Peter Cordes · Answer 2 · 2023-07-28T09:02:23.000

Unlike ARM and many other RISCs, x86 doesn't have load-linked / store-conditional; architecturally it has stuff like lock add byte [rdi], 1 or lock cmpxchg [rdi], ecx for atomic RMW. See Can num++ be atomic for 'int num'? for some details of the semantics and CPU architecture.

See also x86 equivalent for LWARX and STWCX - arbitrary atomic RMW operations can by synthesized with a CAS (lock cmpxchg) retry loop. Unlike LL/SC, it is susceptible to ABA problems, but CAS is the other major way of providing a building block for atomic stuff.

Internally on x86 modern CPUs, this probably works by running a load uop that also "locks" that cache line. (Instead of arming a monitor so a later SC will fail, the "cache lock" prevents MESI responses until a store-unlock, preventing things that would have made an SC fail on an LL/SC machine.)

Taking a cache lock on just that line in MESI Modified state (instead of the traditional bus lock) depends on it being cacheable memory, and being aligned or at least not splitting across a cache-line boundary.

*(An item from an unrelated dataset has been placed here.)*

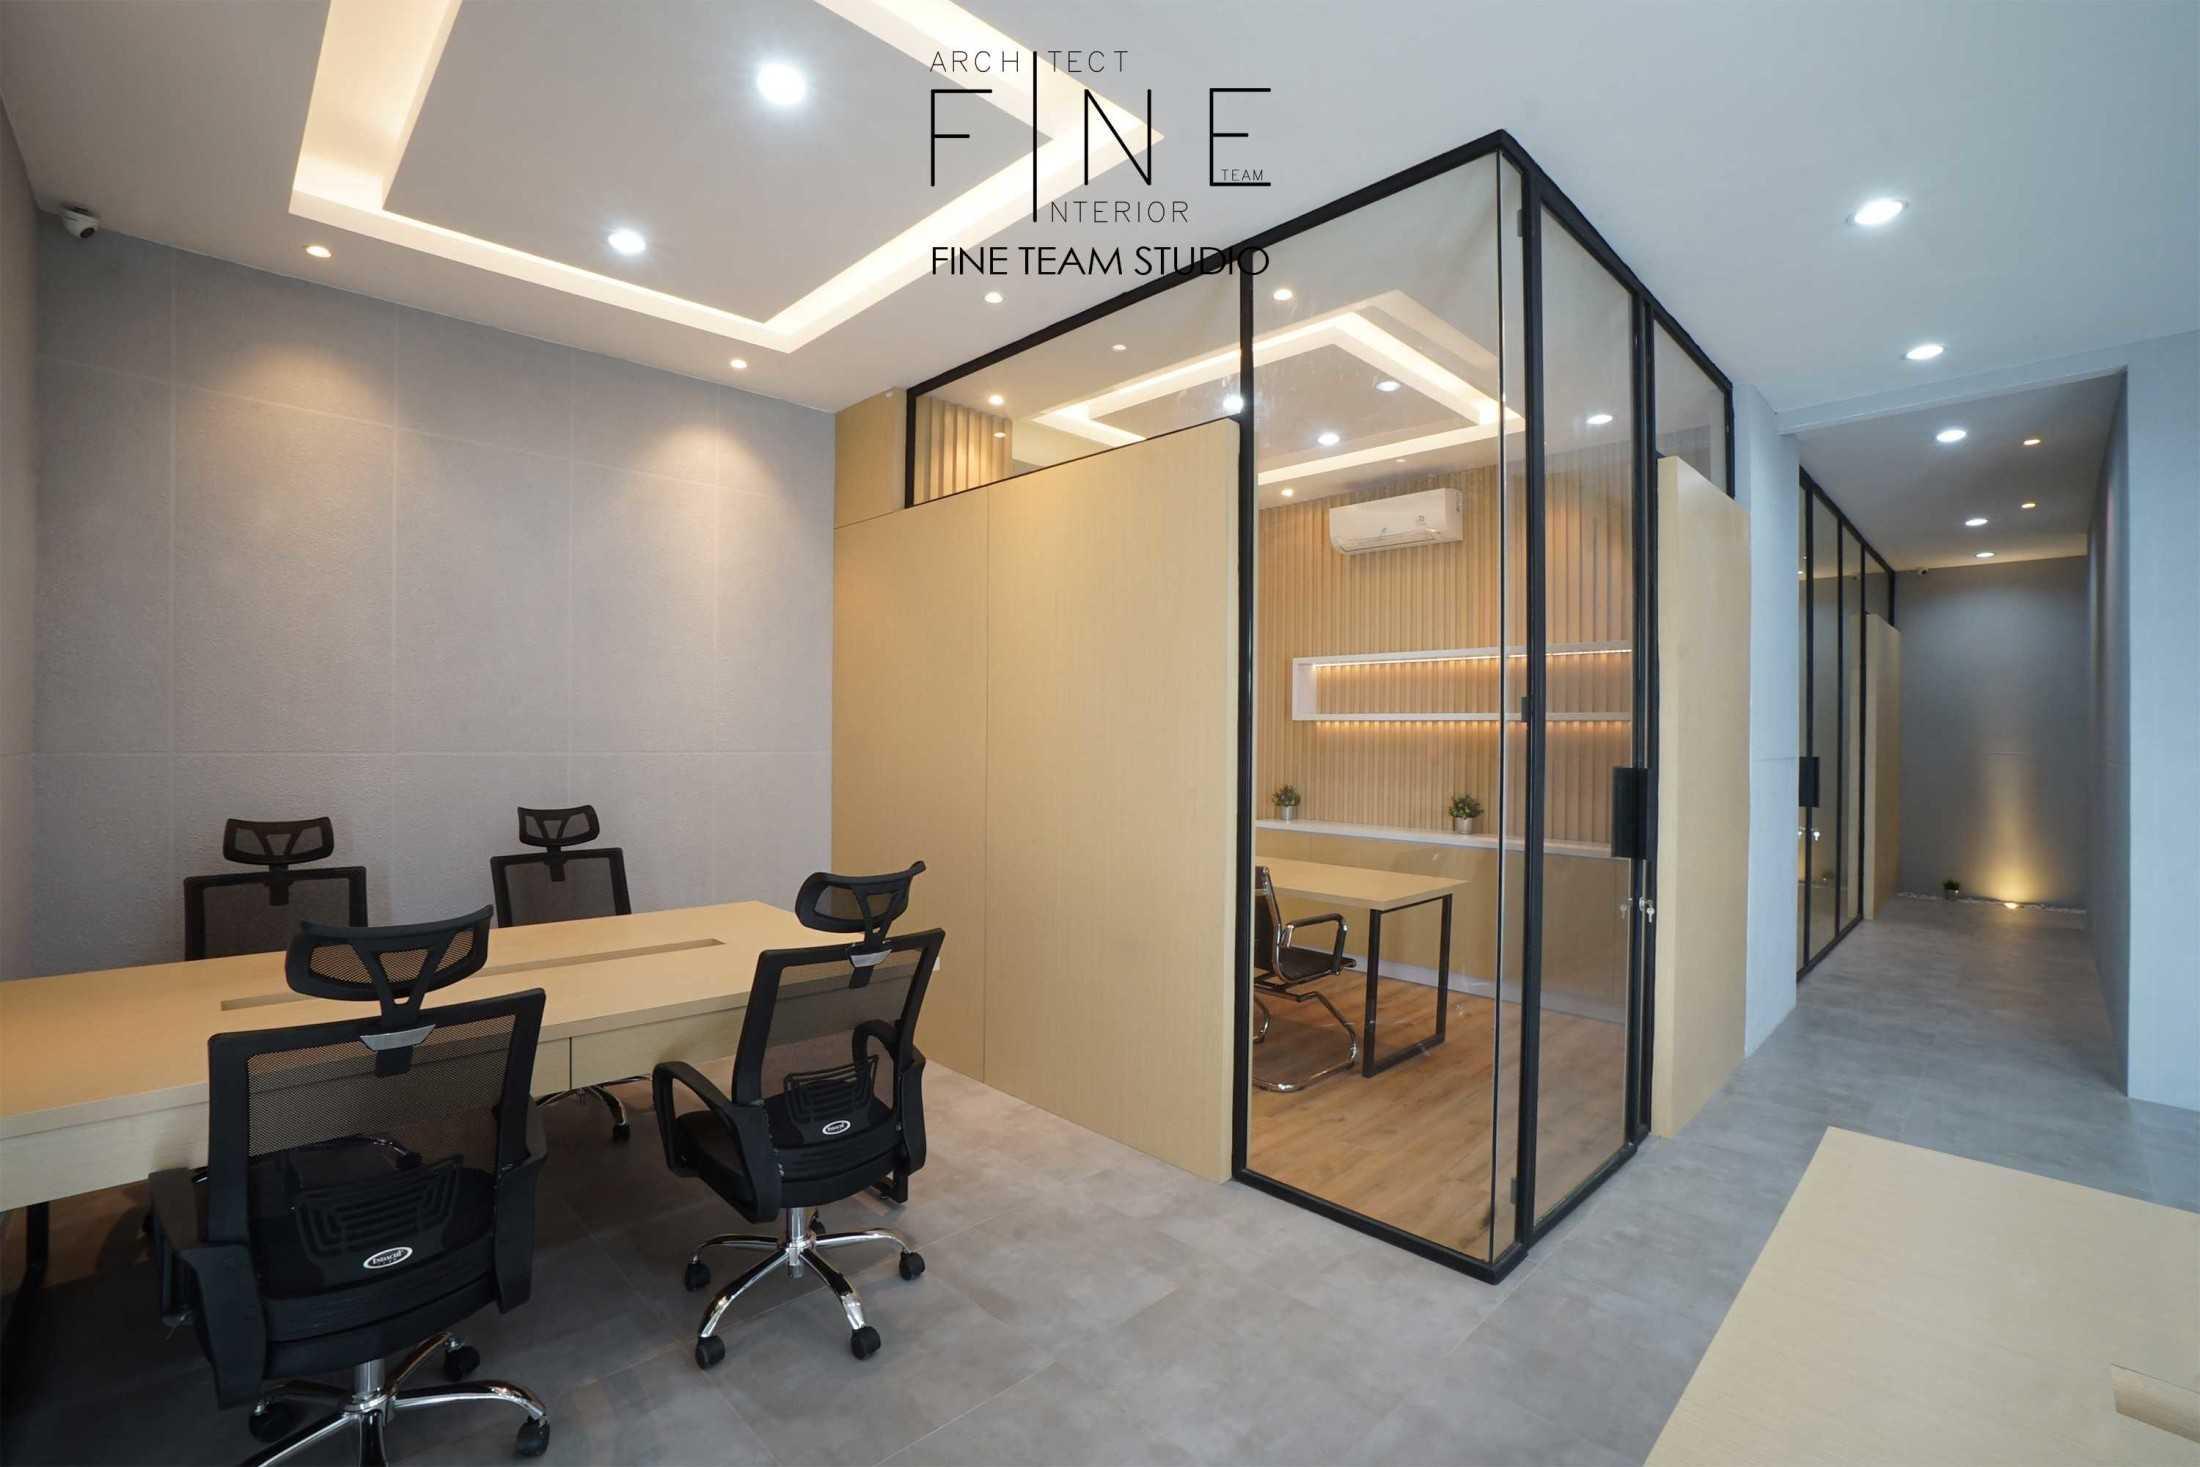 Fine Team Studio Mob Office Cikupa, Tangerang, Banten, Indonesia Cikupa, Tangerang, Banten, Indonesia Fine-Team-Studio-Mob-Office  71119

x86's cmov instruction only has one form, with a register destination, not memory. cmovcc reg, reg/mem. Even with a memory source, it's an unconditional load to feed an ALU select operation, so will segfault on a bad address even if the condition is false. (Unlike ARM predicated instructions, where the whole instruction is NOPed out on a false condition.)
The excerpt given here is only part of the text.